不同于昨日的布莱恩案,公诉方每指控一项罪名,旁听的人群便发出难以遏制的同情与惋惜声,观看审判直播的网友更是情绪激动,全是“弗兰克·罗恩无罪”的刷屏。
西奥多原本计划以弗兰克·罗恩存在精神障碍做无罪辩护,但是没有和当事人达成一致,现在只有争取量刑减让。他以弗兰克·罗恩因女友突然离世过于悲痛焦虑,又没有正规渠道为枉死的女友和其他受害者伸张正义,才做出极端选择。但他的当事人是一位心地善良的人,哪怕痛恨布莱恩公司员工的沉默纵容,还是凭着自己的良心,在行动的最后两公里决定取消原有计划,以直播的方式公开布莱恩的恶行,借助媒体和公众的力量惩罚恶人。
西奥多指出弗兰克·罗恩从小品学兼优,与家人亲近、邻居和睦,深受同学同事上司的喜爱,没有任何不良记录,并提交录制的来自亲朋好友的评价视频和相关证据。如果不是阿诺德·布莱恩,他会拥有心爱的妻子、可爱的孩子,一个幸福美满的未来,现在他什么都没了,心灵饱受重创,甚至出现了幻听幻视,以为女友还在身边。这样的他还表示愿意为所做的一切负责,他向因他而受到惊吓的乘客深表歉意。
奥卡西太太孤身一人且身患重病,弗兰克·罗恩的双亲年事已高,他们需要有人照顾,他们也禁不住同唯一的亲人长年分离。一番陈情过后,陪审团、旁听席很多感性的人都在默默流泪。

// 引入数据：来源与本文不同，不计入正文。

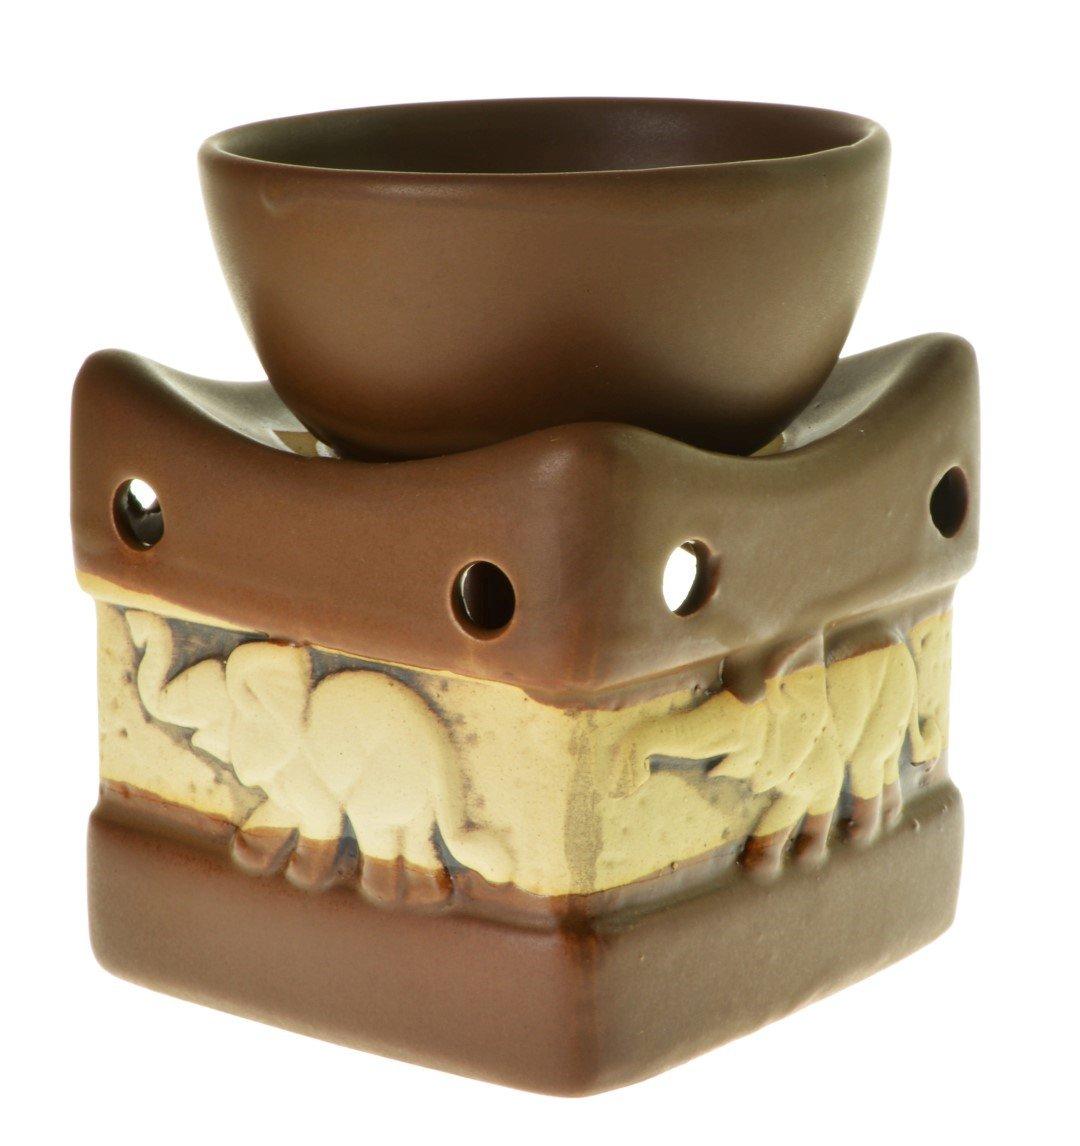 Piquaboo Rustic Ceramic Elephant Oil Burner Deep Bowl (Brown)
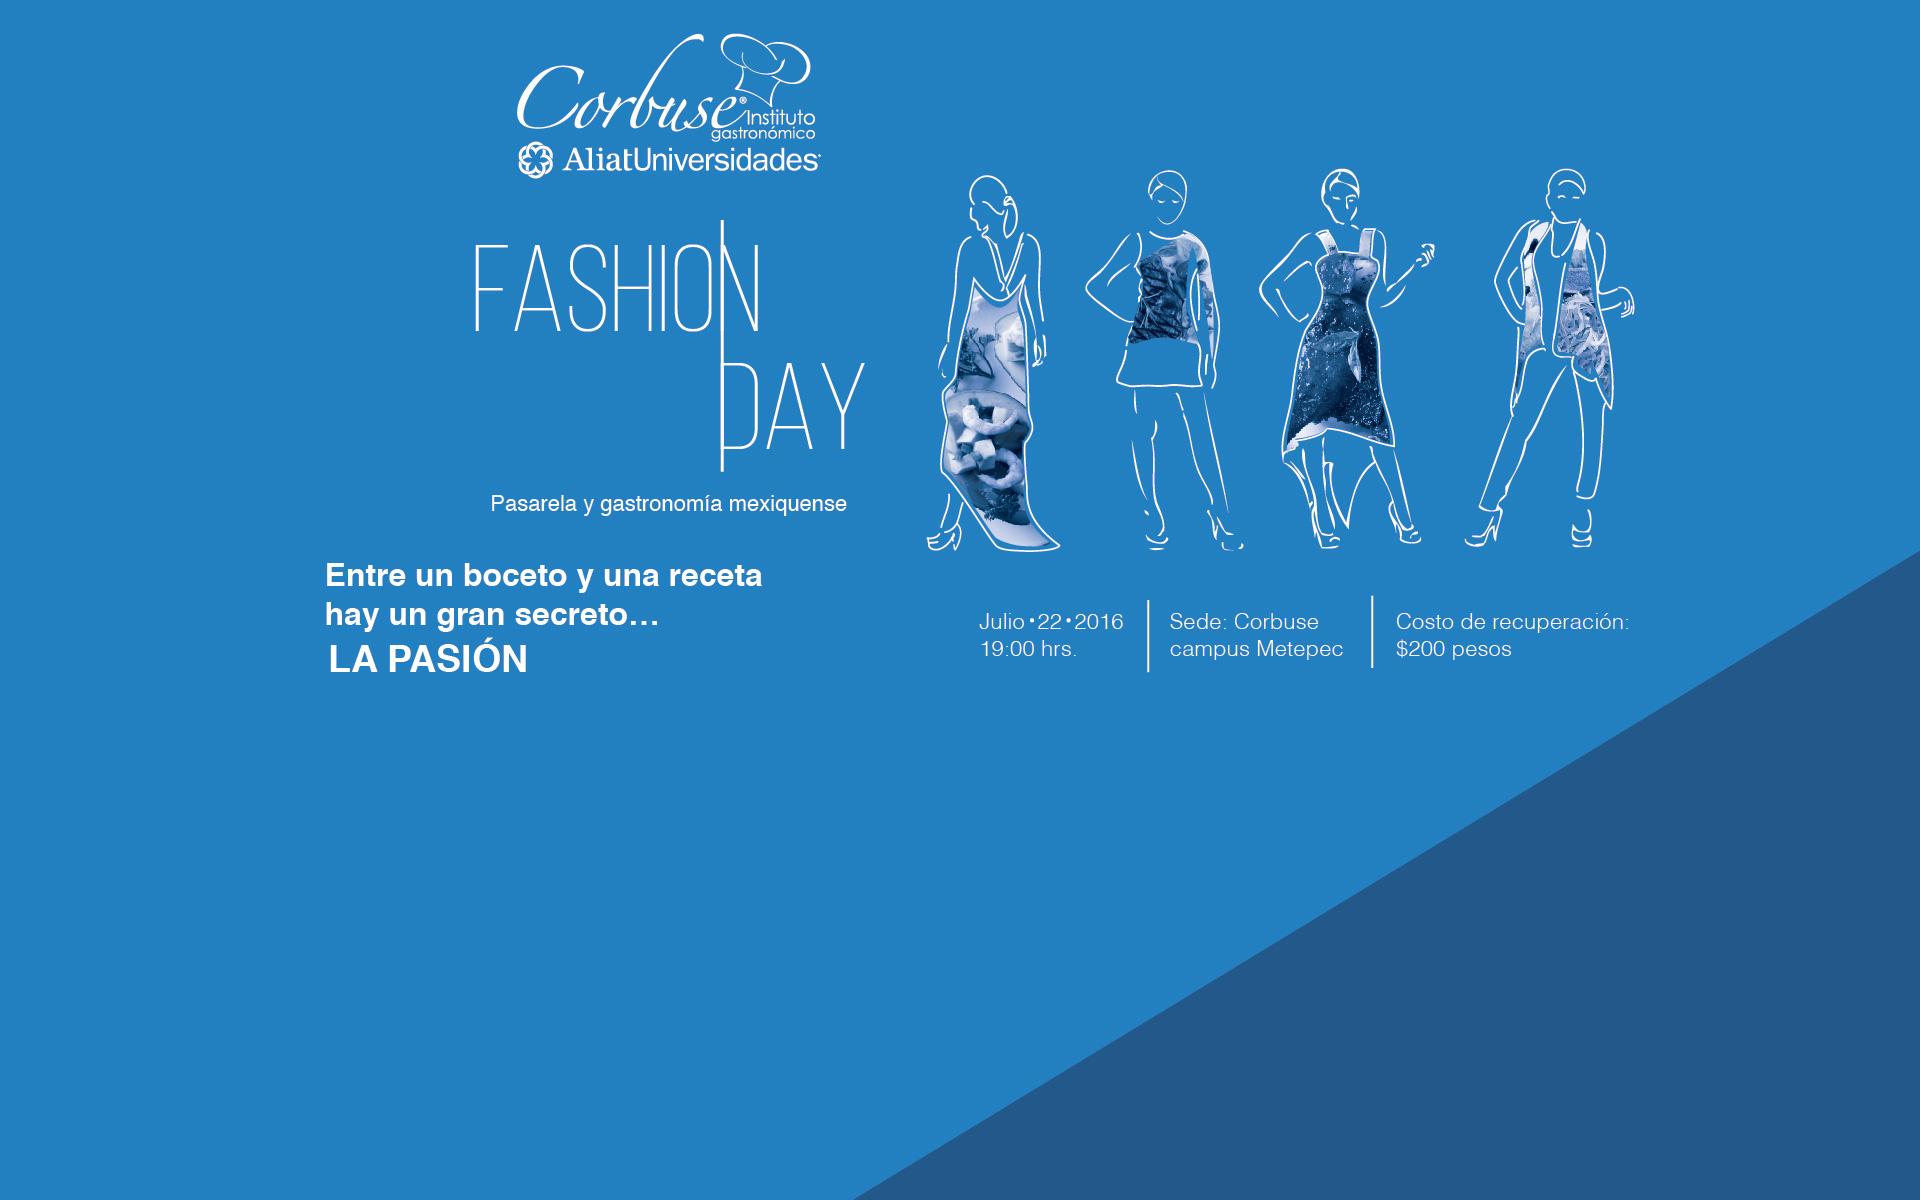 Fashion day banner

陪审团以多数意见裁定弗兰克·罗恩有罪,大家都看得出这是一场法律最终战胜情感的艰难裁决。公诉方则主动提出较轻刑罚的量刑建议。最终法官判处弗兰克·罗恩两年缓刑加社区服务200小时以及心理治疗。
弗兰克·罗恩听到宣判后,当庭痛哭。参与庭审的人或欢呼拥抱,或鼓掌微笑。唯有郝运看到,珍妮抱着弗兰克留下了喜悦的泪水。他眨眨眼,驱散眼里的热意。
弗兰克·罗恩被带离法庭时,目光在郝运身上停驻了好一会儿,他禁不住喃喃道了声谢。郝运只是和弗兰克对视一眼,便举起相机拍照。